Given her choice of committee assignments, Crowley does not hesitate for an instant.

“Transportation and Homeland Security,” she said emphatically.

On transportation, she said she is tired of projects such as the Long Island Rail Road’s East Side Access project and the 7 subway line extension, “projects that pass through here that we don’t benefit from.”

Crowley said the 7 could be extended in other directions, such as to connect LaGuardia Airport and the future development at Willets Point to Manhattan.

She said Homeland Security, too, would be an expansion of her work as chairwoman of the council’s Fire and Criminal Justice Services Committee, particularly in dealing with terrorism.

“New York is still a large target,” she said, adding that she would have opposed a vote in Congress two weeks ago that, while not naming the NYPD, could have defunded it of tens of millions of dollars in terrorism and intelligence support had the bill passed.

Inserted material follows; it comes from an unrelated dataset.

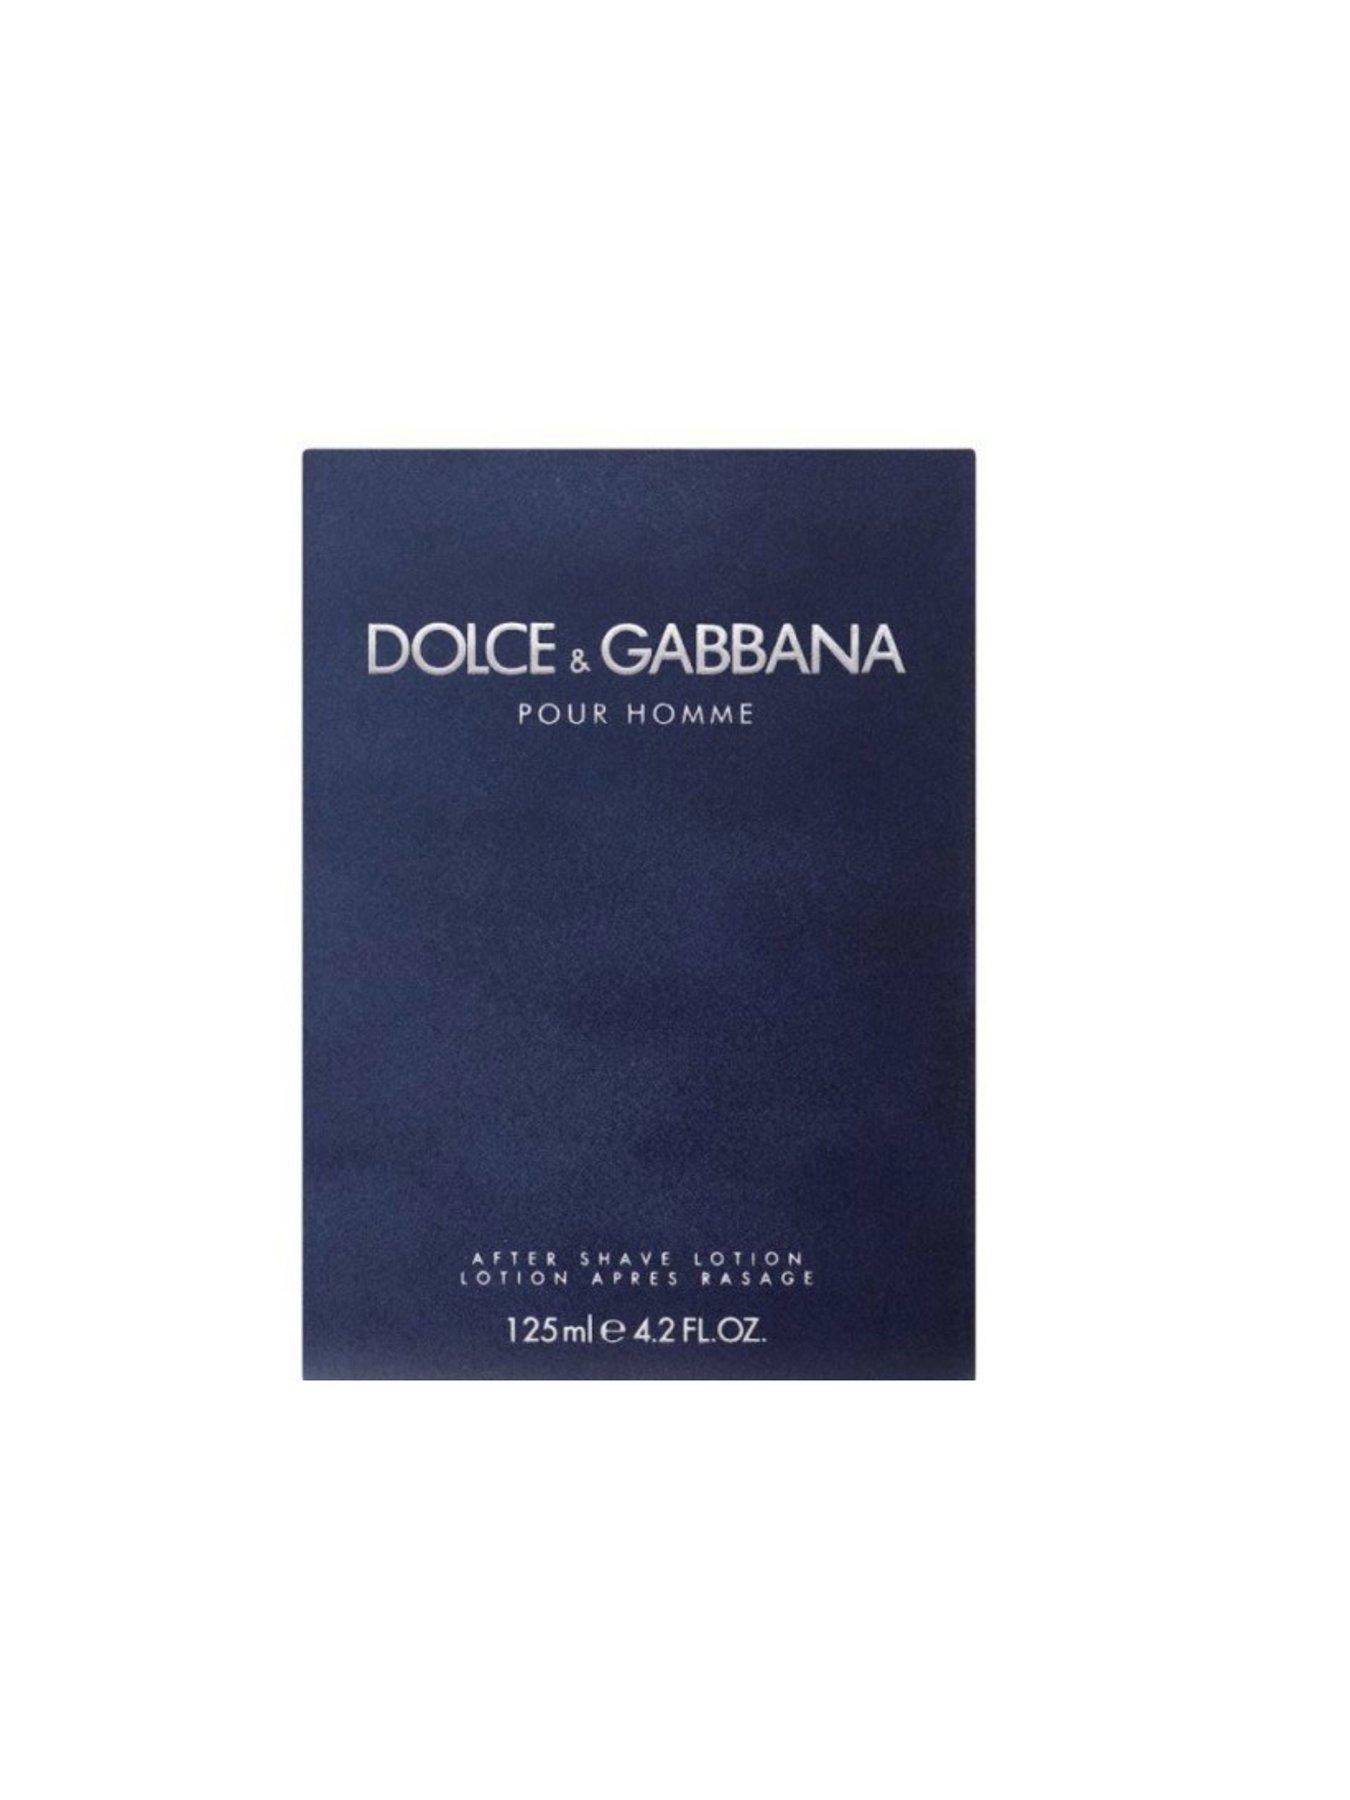 Dolce & Gabbana Pour Homme Aftershave Splash 125ml

In addressing the nation’s $16 trillion deficit, Crowley could not identify any non-military programs that she would eliminate from the budget.

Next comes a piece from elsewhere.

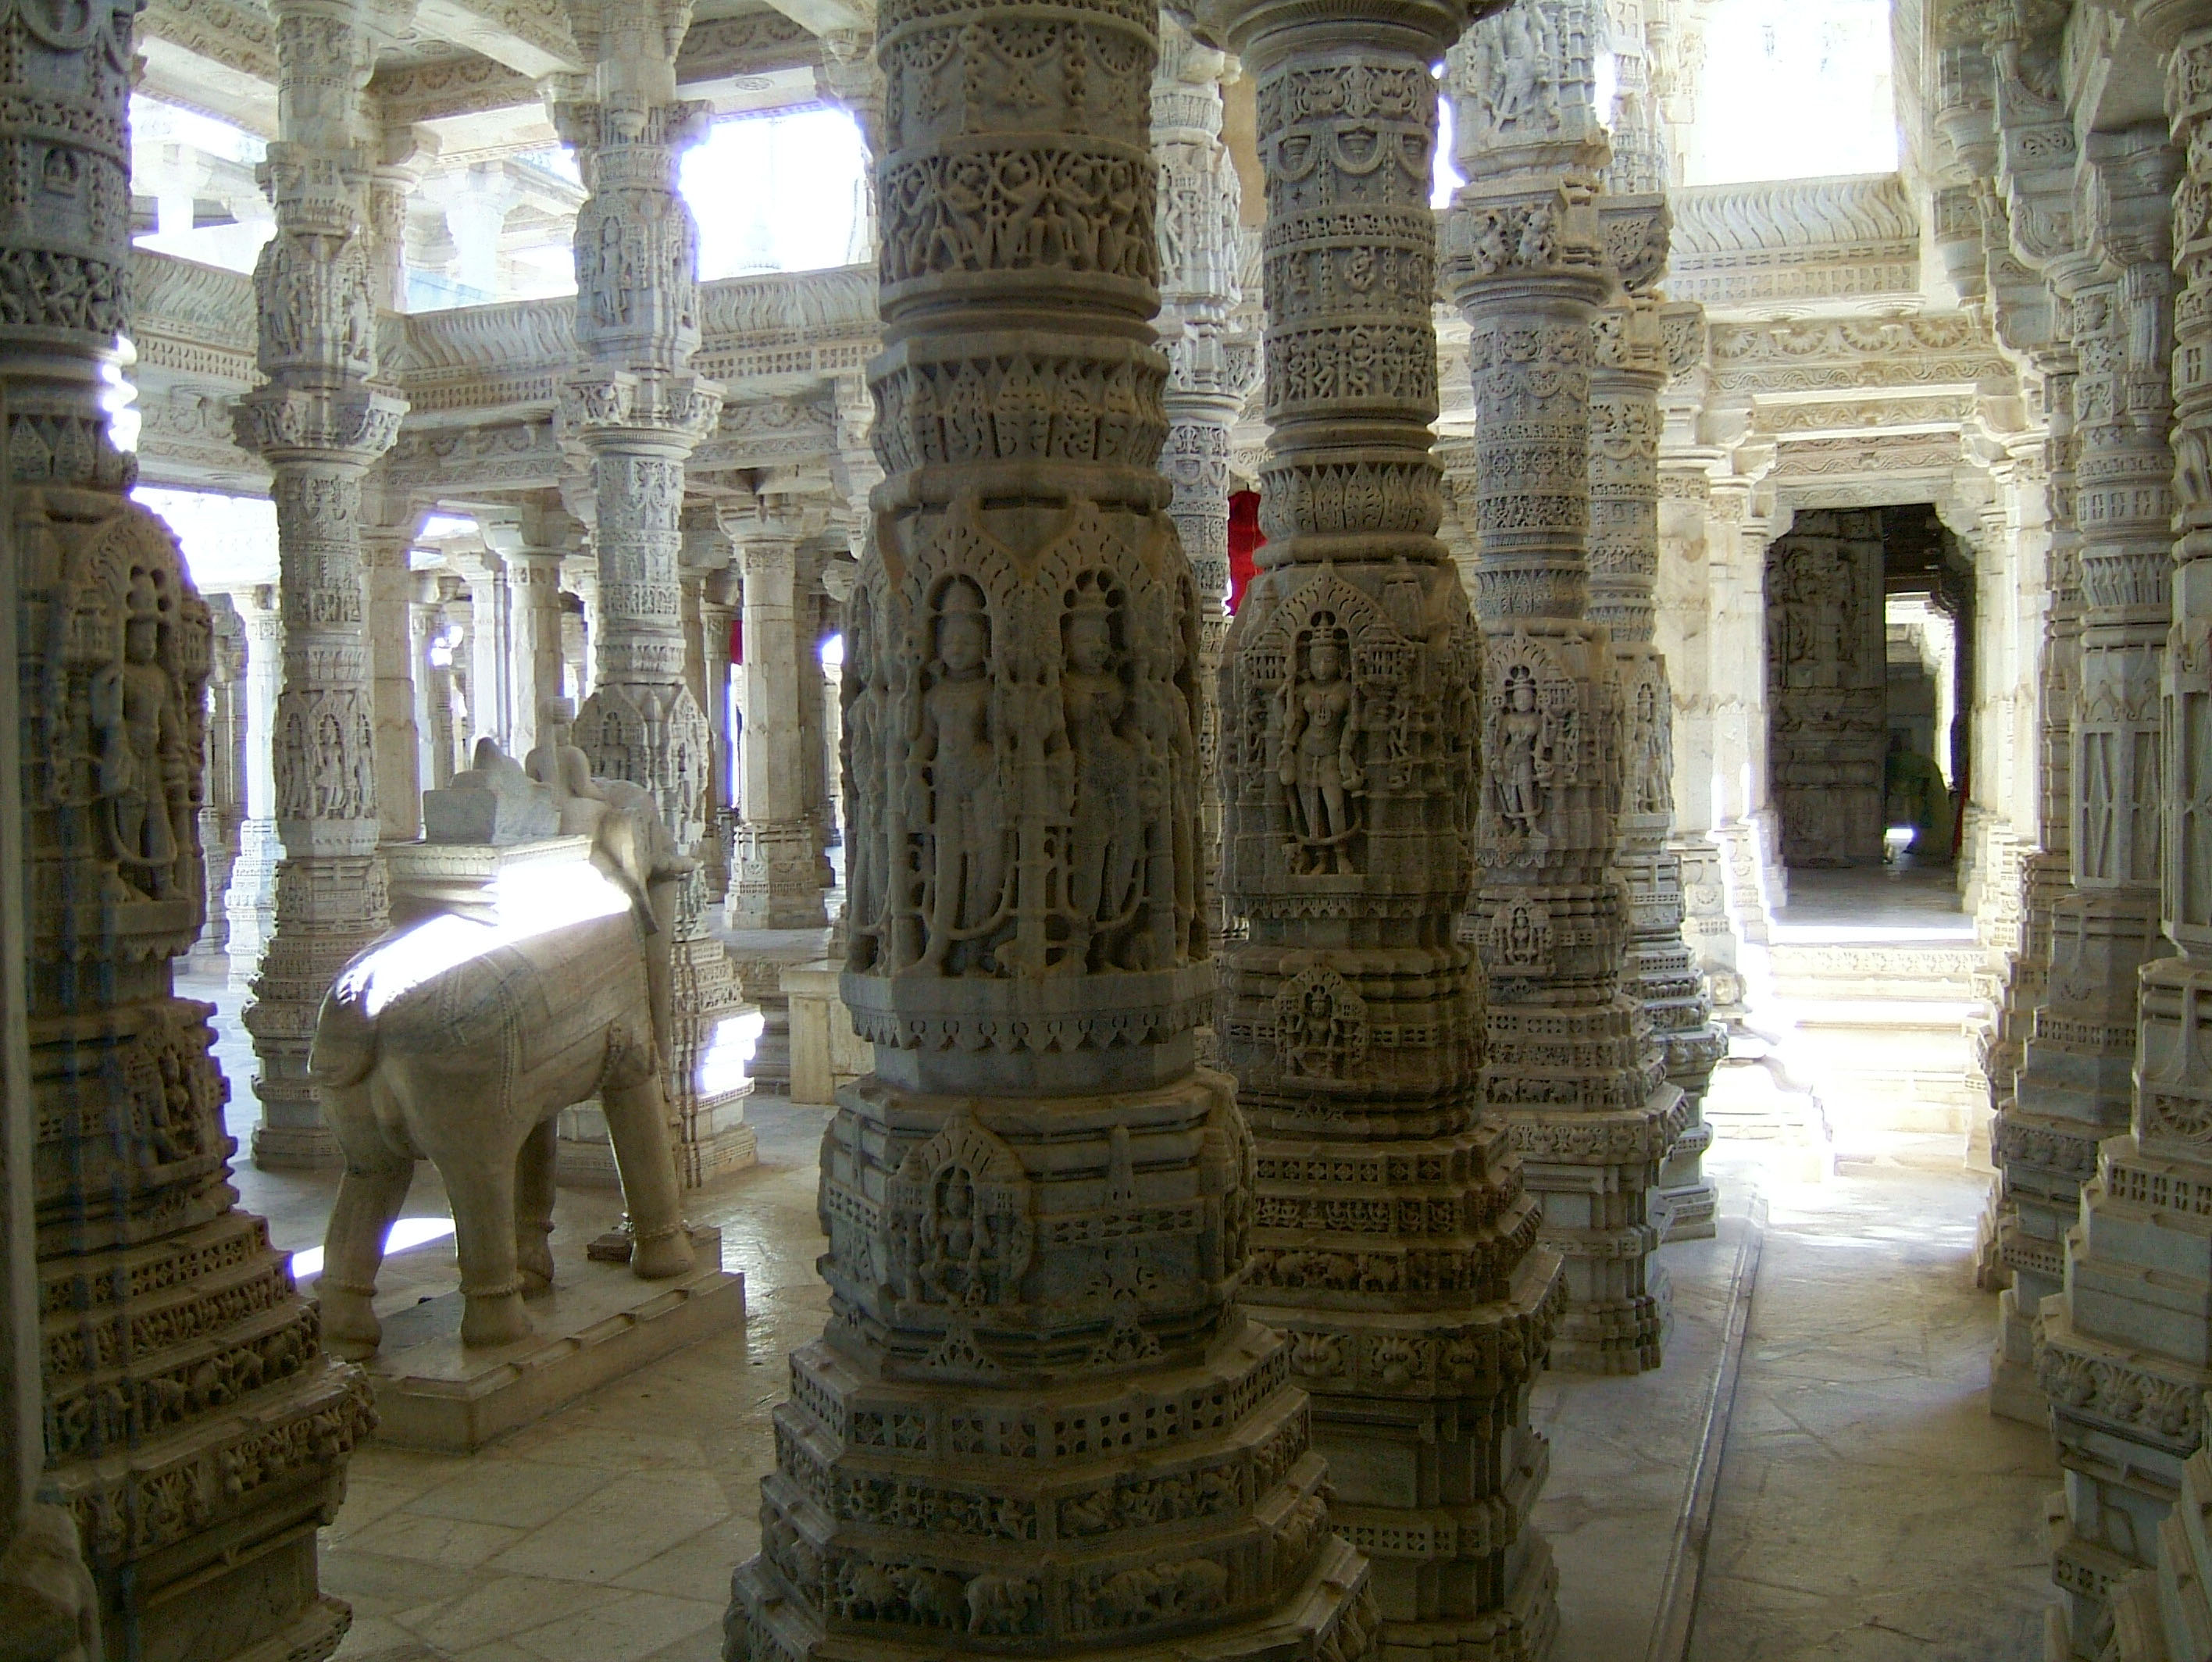 Ranakpur Jain Marble Temple pillars Frescoes India Apr 2004 08

“I would cut parts of programs,” she said. “I’m sure there is waste and fraud.”

And she said the country could pay for a number of the things she would like to see by pulling out of Afghanistan at a faster pace than even President Obama has deemed responsible.

“You’re spending $500 billion over there training police officers and building schools,” she said. “New York City has 7,000 fewer police officers than when Mayor Bloomberg took office. We need to be spending that money here.”

She did not directly acknowledge that saving the money by pulling out Afghanistan, where the Taliban allowed al-Qaeda to hatch its 9/11 attacks on New York City and Washington, DC, could once again leave a dangerous vacuum where terrorists could plot more attacks on the United States.“I don’t know where it ends over there,” she said.

When asked repeatedly she did say there were circumstances under which the United States would be justified in a direct military attack on Iran’s nuclear arms program.

On the economic crisis in Europe, the councilwoman said Germany, as the strongest economic power on the continent, must shoulder an even larger burden than it does now to prop up countries such as Greece and France.

While demographics in the Unites States have changed dramatically since Social Security’s inception in 1935, Crowley said that there is no need to restructure the program, even with President Obama’s own experts saying the fund is unsustainable at its current ratio of workers to benefit recipients.

“I think when more people get back to work and begin paying into the system again that will fix itself,” she said.

Crowley said jobs and education in New York could largely be tied together if the funding and political will are available in Washington to make the city a center of high tech education, training and development.